What is the right to be forgotten in India
The B.N. Srikrishna Committee report has laid significant emphasis on obtaining the consent of an individual to process and use personal data
In 2014, the European Court of Justice (ECJ) ruled in favour of Mario Costeja González, a Spanish man who was unhappy that searching his name on Google threw up a newspaper article from 1998. He approached the newspaper in 2009 to get the article removed as he felt it was no longer relevant. The newspaper felt it was inappropriate to erase the article, and Gonzalez then approached Google to not throw up the article when his name is searched.
ECJ asked Google to delete “inadequate, irrelevant or no longer relevant” data from its search results, when a member of the public requests so. The ruling came to be known as the “right to be forgotten” and has been hence reinforced in data protection laws and regulations in the EU, including EU’s General Data Protection Regulation (GDPR).

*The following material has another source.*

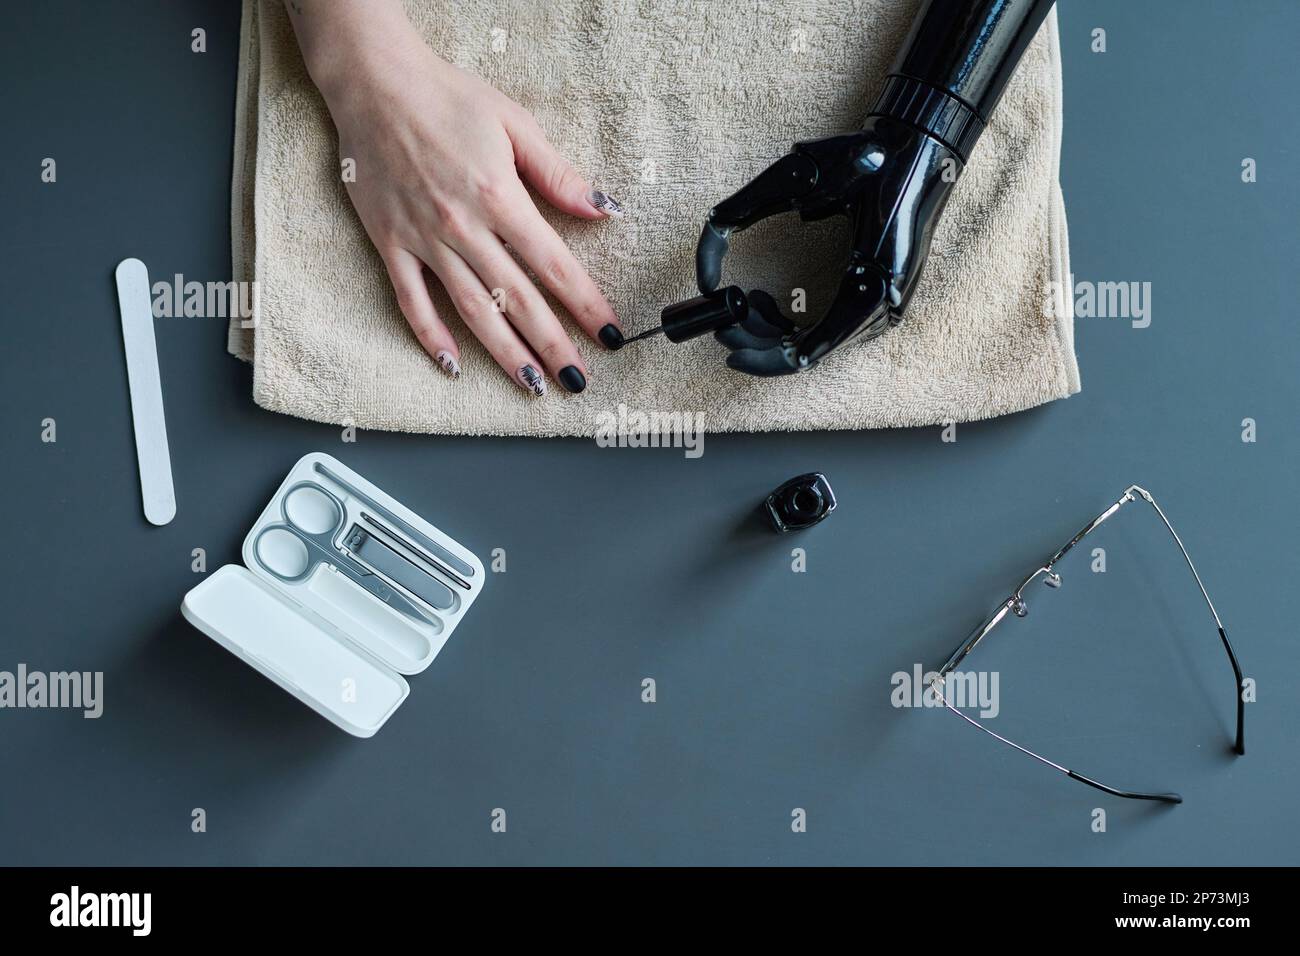 High angle view of young woman with prosthetic arm painting her nails with varnish Stock Photo
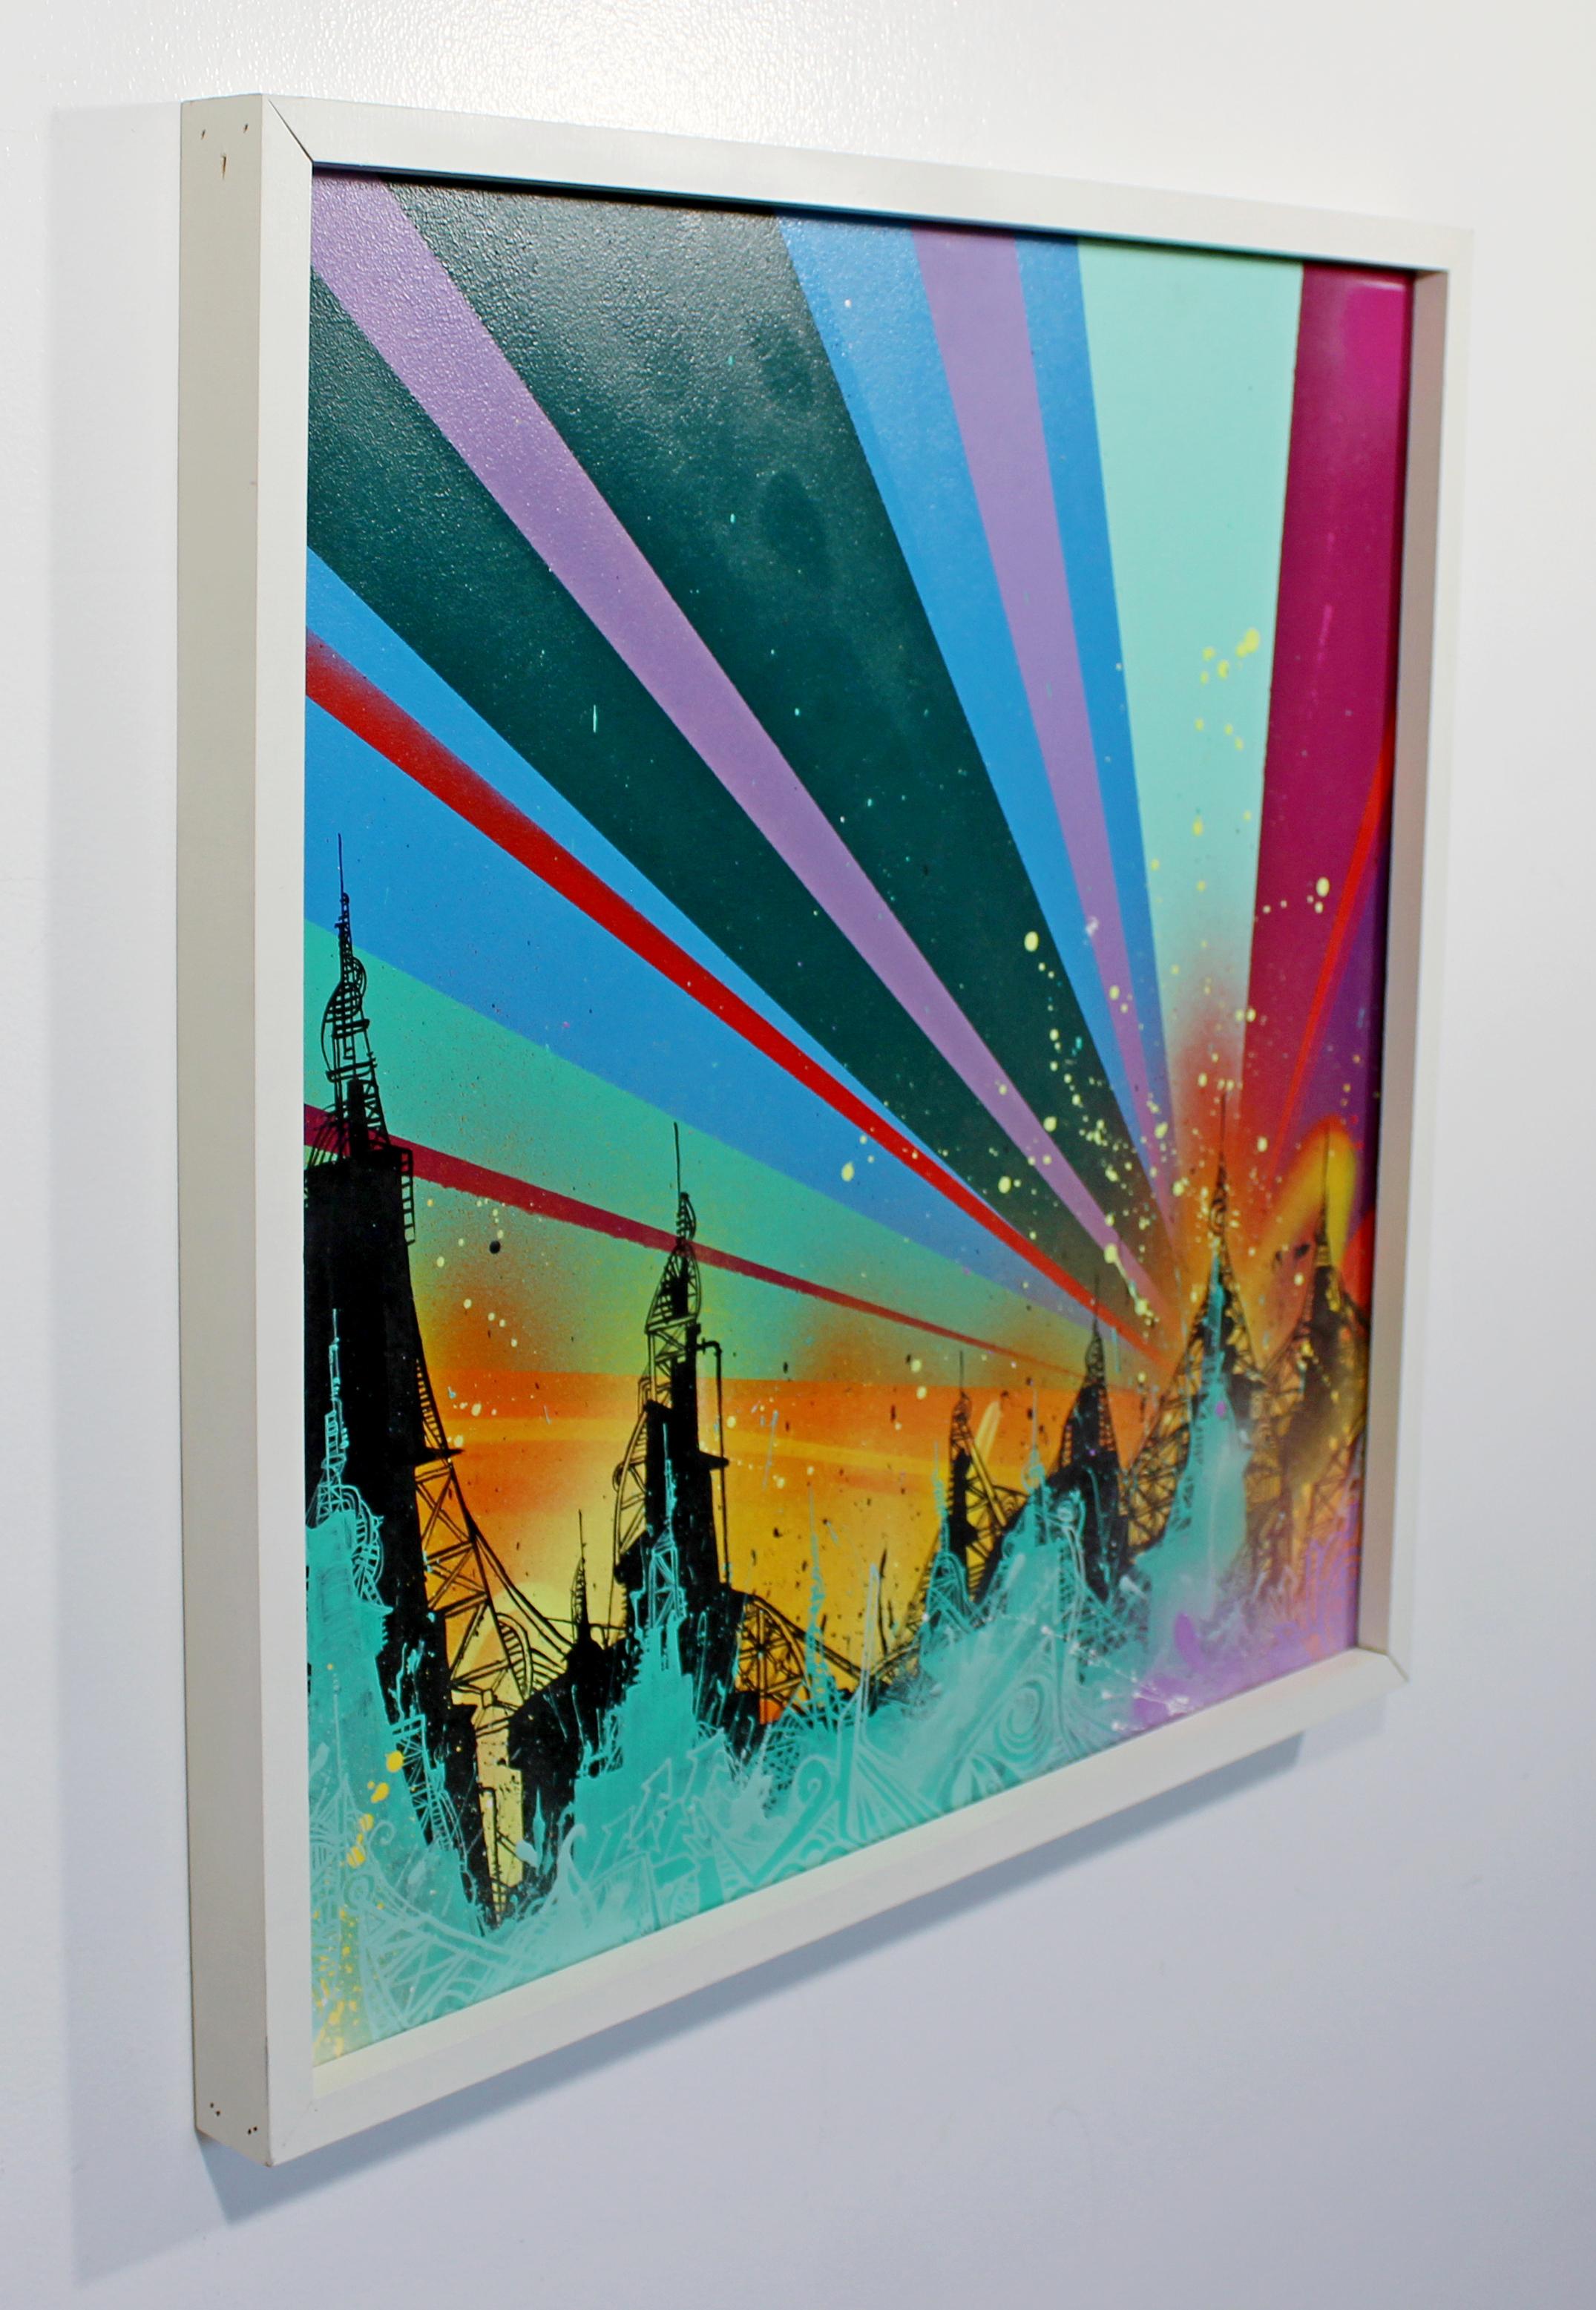 For your consideration is an exciting, framed, acrylic and spray paint on wood painting,

GDPR’s Article 17 has outlined the circumstances under which EU citizens can exercise their right to be forgotten or right to erasure. The Article gives individuals the right to get personal data erased under six conditions, including withdrawal of consent to use data, or if data is no longer relevant for the purpose it was collected. However, the request may not be entertained in some situations such as if the request contradicts the right of freedom of expression and information, or when it goes against public interest in the area of public health, scientific or historical research or statistical purposes.
Indian draft bill
The B.N. Srikrishna Committee report has laid significant emphasis on obtaining the consent of an individual to process and use personal data. The committee said consent must be “informed”, “specific” and “clear”, and needs to be capable of being withdrawn as easily as it was given.
The draft Personal Data Protection Bill, 2018, has a section on the Right to be Forgotten. But the proposed bill does not provide right to erasure.
Section 27 of the bill has listed out three scenarios in which an individual will have the “right to restrict or prevent continuing disclosure of personal data” or the right to be forgotten, in a sense. This will be applicable if data disclosure is no longer necessary, the consent to use data has been withdrawn or if data is being used contrary to the provisions of the law. An adjudicating officer will have to determine the applicability of one of the three scenarios. The officer will also have to determine that the right of the individual to restrict use of her data over-rides the right to freedom of speech or right to information of any other citizen.
While there is no absolute right to erasure of data in the proposed law, remember that the bill will be going through a parliamentary process of discussion and approval before it becomes law, and changes might be brought in.